Dynamic Response of a Non-Uniform Rayleigh Beam Under Accelerating Distributed Masses on a Bi-Parametric Elastic Foundation

This study investigates the problem of a non-prismatic Rayleigh beam subjected to moving loads with arbitrarily prescribed velocities. The research addresses a complex structural dynamics problem that has significant implications for various engineering applications, including railway systems, bridge structures, and industrial machinery where moving loads interact with flexible structural elements. The non-uniform Rayleigh beam model incorporates both translational and rotational inertia effects, providing a more accurate representation of real-world structural behaviour compared to classical Euler-Bernoulli beam theory. The beam's non-uniformity is characterised by spatially varying material properties and geometric parameters, which significantly influence the dynamic response patterns.
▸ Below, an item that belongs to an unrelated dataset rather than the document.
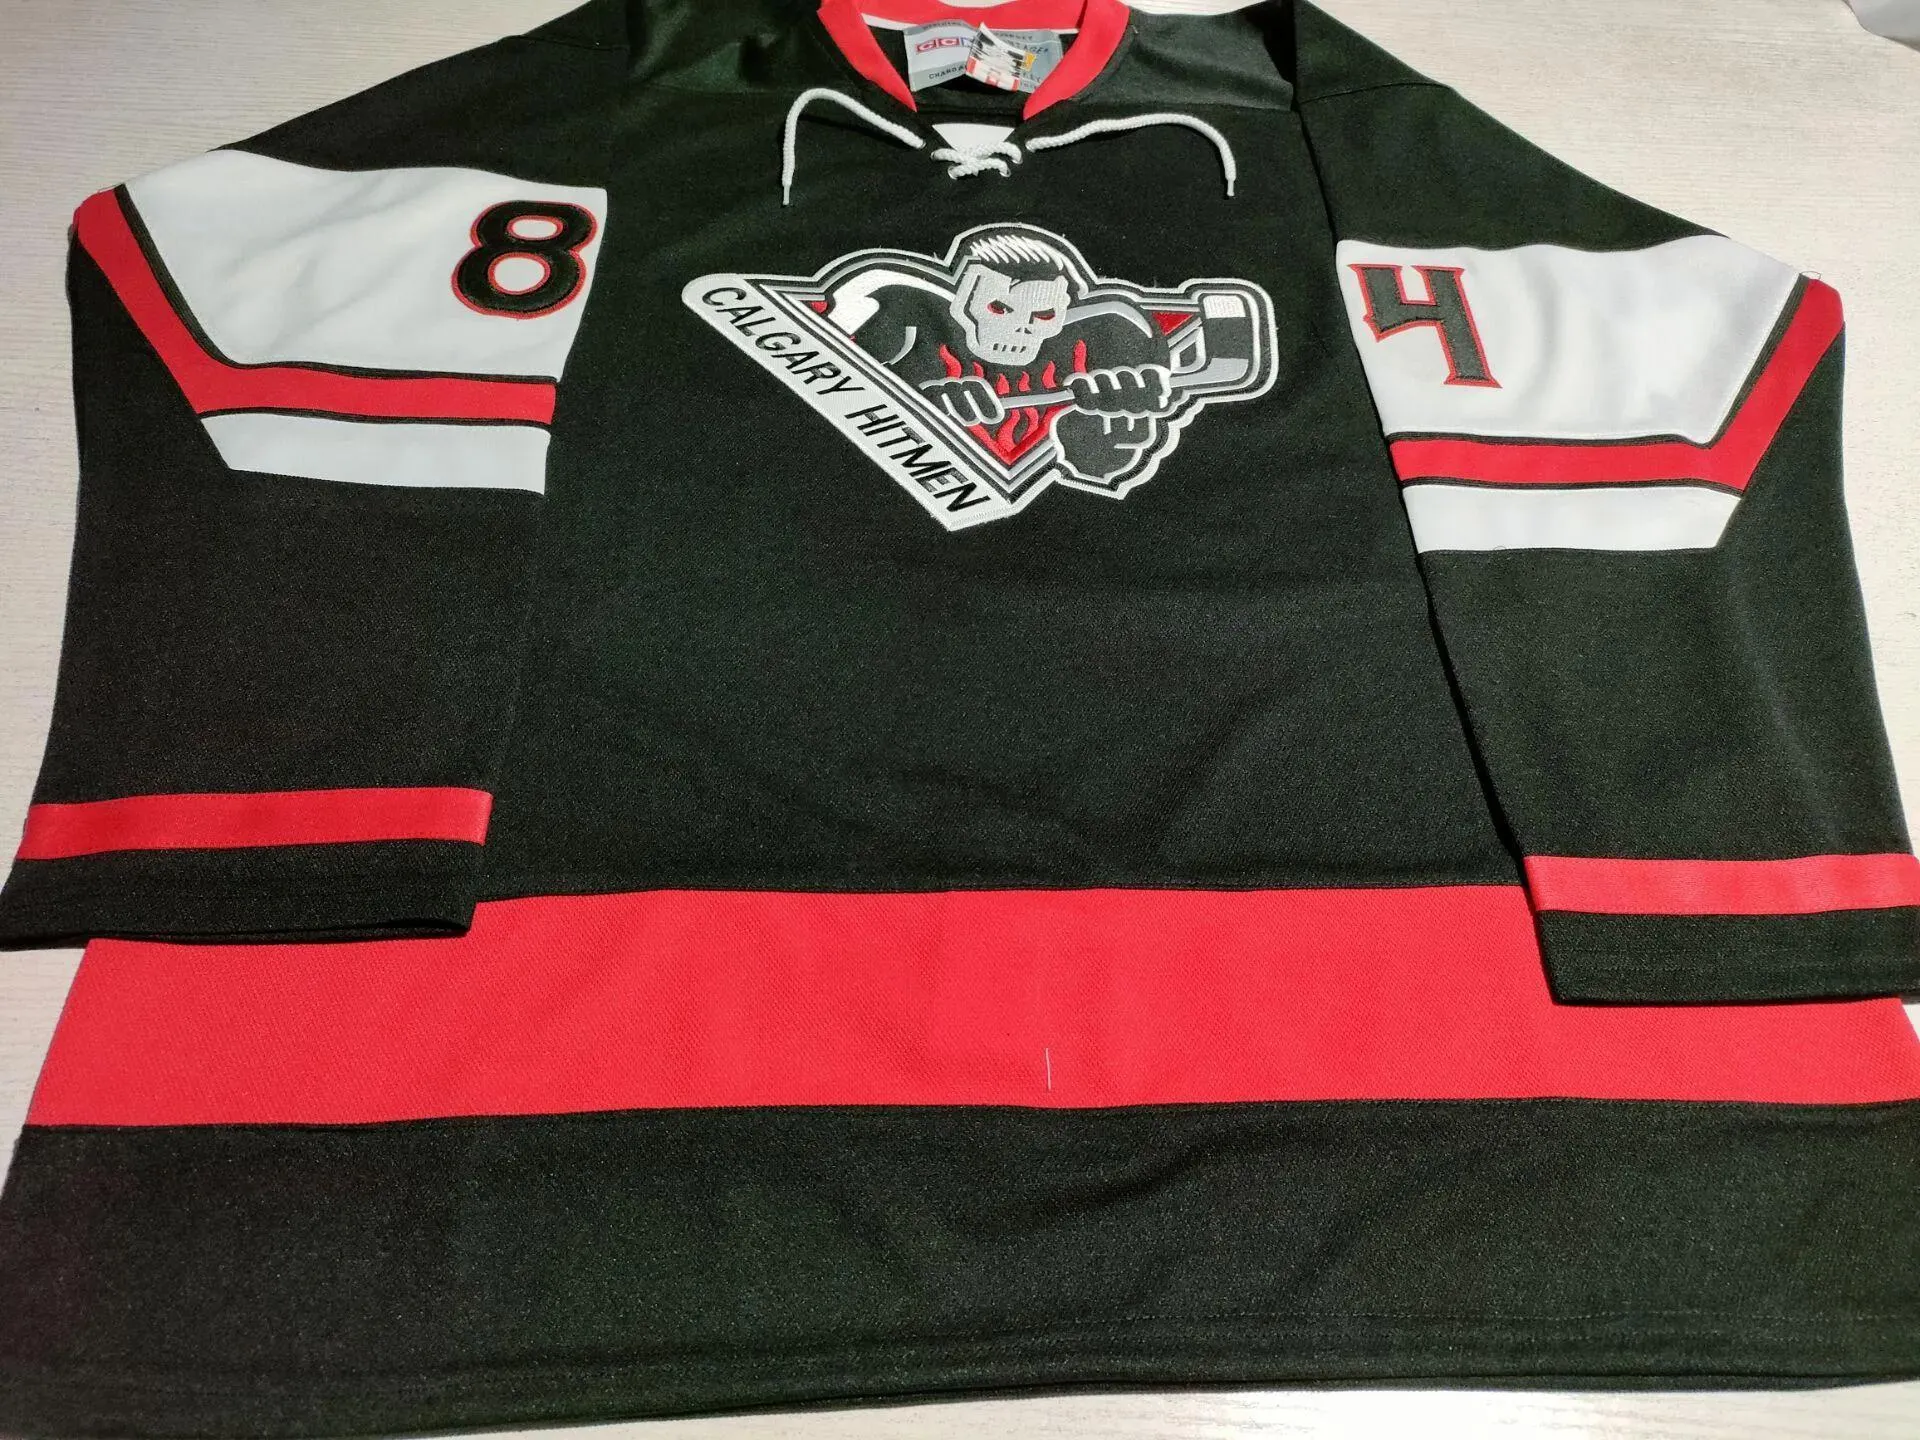 Изготовленные на заказ WHL Bret Hart 84 Calgary Hitmen винтажные хоккейные майки красные, черные по индивидуальному заказу любое имя, трикотажные изделия с вышивкой CCM

The bi-parametric elastic foundation is modelled using Winkler and Pasternak foundation parameters, accounting for both normal and shear interactions between the beam and its supporting medium. The accelerating distributed masses represent a realistic loading scenario encountered in many practical applications, where the velocity and acceleration of moving loads vary continuously along the beam span. This loading condition introduces complex inertial effects and coupling between the beam's natural vibration modes and the motion characteristics of the distributed masses. Gerlakin's weighted residual method is employed to treat this vibrating system problem, as it was in the preceding section. This technique is first used to transform the fourth-order partial differential equation with singular and variable coefficients governing the motion of this vibrating beam. The resulting system of equations, called Gerlakin's equations, is further simplified using the asymptotic method of Struble to obtain a second-order ordinary differential equation, which is then solved using the Duhamel integration method.